Within its version of the Siemens Industrial Copilot, thyssenkrupp controls its proprietary data, and all the data is stored in its private cloud on Azure. Data specific to its products are not shared with Siemens.
Schoenherr says this is one of the areas where the Industrial Copilot has proven very useful. He cites a situation he was dealing with that day, where a camera captures data about each individual cell from an inscription on its side; the camera wasn’t always able to read the inscription.
“You have a certain component, like the camera that is part of the machine, but it has its own program,” he says. “Someone gives you the program to use the camera, but you never used it before.” The camera’s programming contains the key to solving the problem, but breaking down the code can be a patience-testing task.
“That’s the situation where you ask the copilot, ‘Please explain the source code to me. What can I do? What’s the input A for, what’s the input B for?’ And it explains, so that’s great. The copilot helps you put things together more simply.”
Scepanski says he’s relying on clients like Schoenherr at thyssenkrupp to help improve the Siemens Industrial Copilot. He said some of Siemens’ customers are finding uses for it that he and other engineers hadn’t envisioned.
“One client took existing code, old code they were using, and they said, ‘OK, I don’t know what the code is doing, I don’t know the language.’ They pasted it into the copilot, and the copilot took it and translated into new code and explained what the code is doing,” Scepanski said. “And this was not something that we implemented as a feature, but it comes with the strong capabilities of the generative AI models Microsoft is offering.”
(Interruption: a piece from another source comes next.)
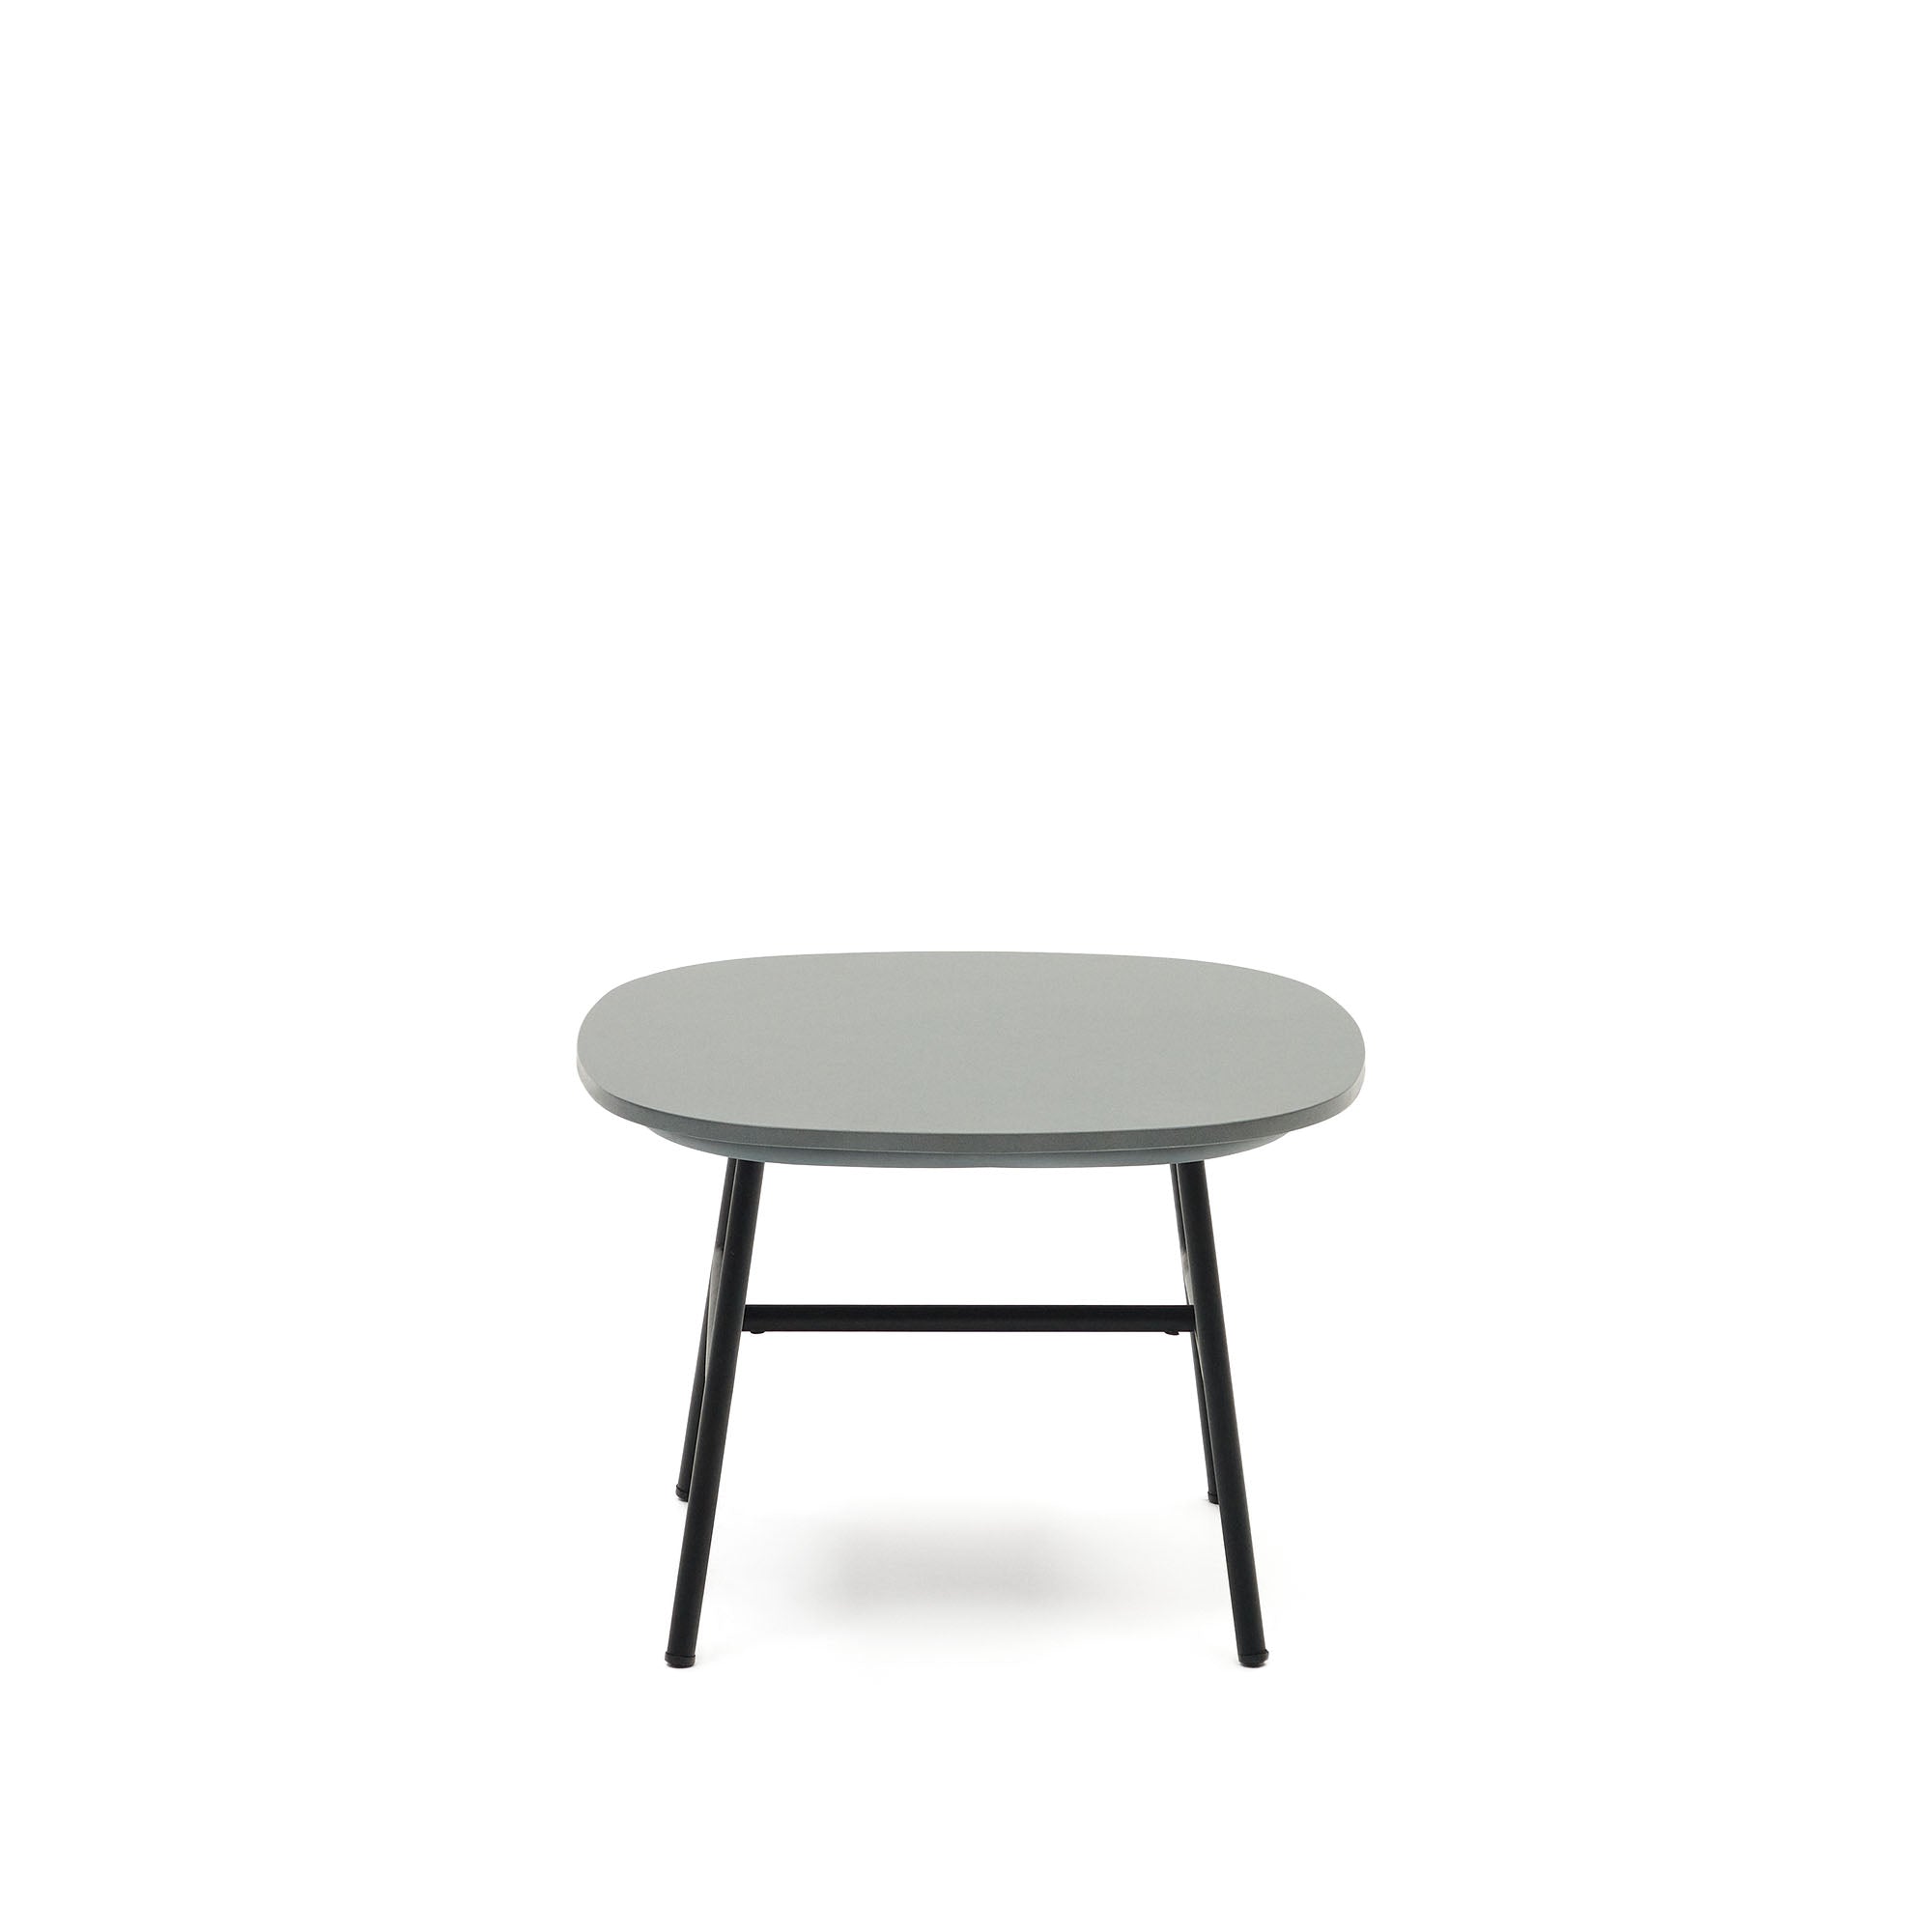 Bramant side table in steel with black finish, 60 x 60 cm
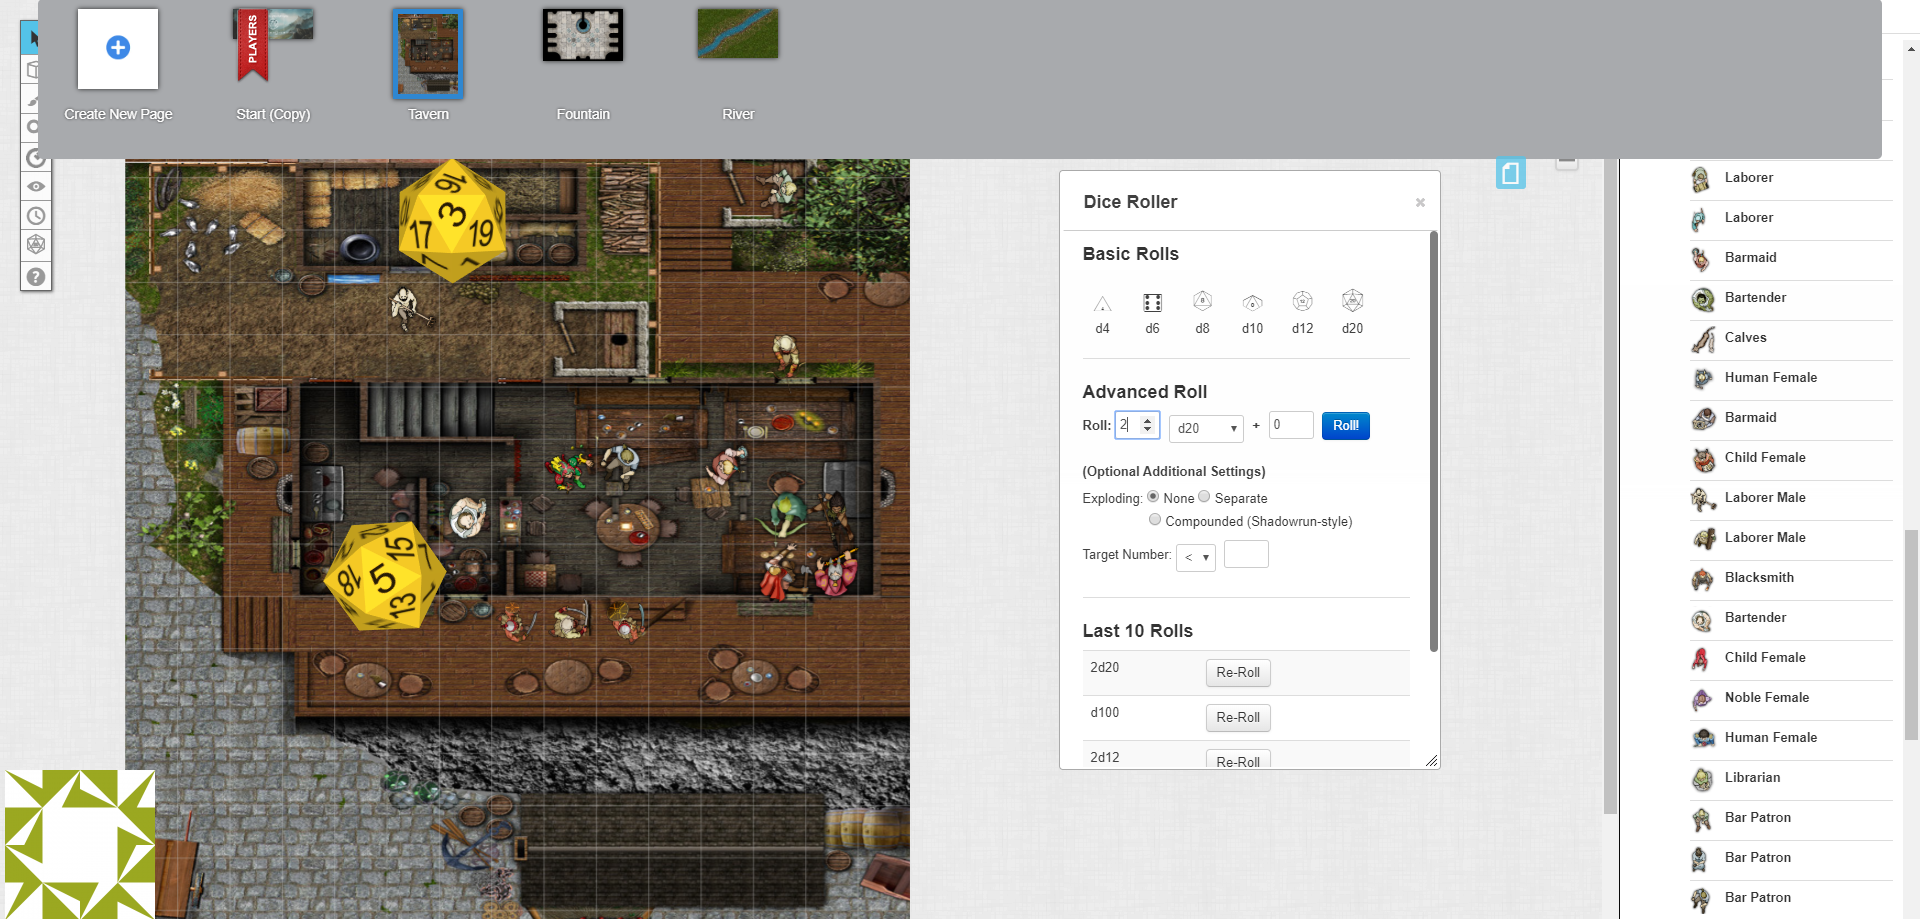 Roll20: Online virtual tabletop for pen and paper RPGs and board games

Scepanski said Siemens envisions rolling out versions of Industrial Copilot in many different fields.
“We will see copilots along the entire value chain for different industries”, Scepanski said. As examples, he mentioned industries such as infrastructure, transportation, and healthcare. “They have exactly the same issue, lack of skilled labor.”
A Broader Vision of Generative AI
Marcel Pfeiffer of thyssenkrupp says the collaboration with Siemens and Microsoft has been fruitful.
“I think Siemens was looking for two main aspects, a real use case with a real customer behind it and someone who challenges the actual, let’s say, development state of the tool,” he said. “Together we can push the boundaries of the tool to improve it over time.”
He said he envisions this project as the first step in a broader use of Industrial Copilot at thyssenkrupp and the beginning of a revolution in how manufacturing processes are conceived and executed.
“We plan to use the copilots from the beginning of next year in our serial projects worldwide” Pfeiffer said.
Pfeiffer said that 50 years ago, in general, people considered a machine to be a separate, functional unit. Today, a machine is seen as a connected part of a larger whole – connected to the cloud and to other machines.
“In the future, we will see machinery as a construct of permanent change, because technology is a lot faster moving than the machinery market,” he said. “The Industrial Copilot, especially for engineering, will help a lot to keep up with the pace of that game. In general, I’m convinced that AI copilots will become a game changer for the whole industry.”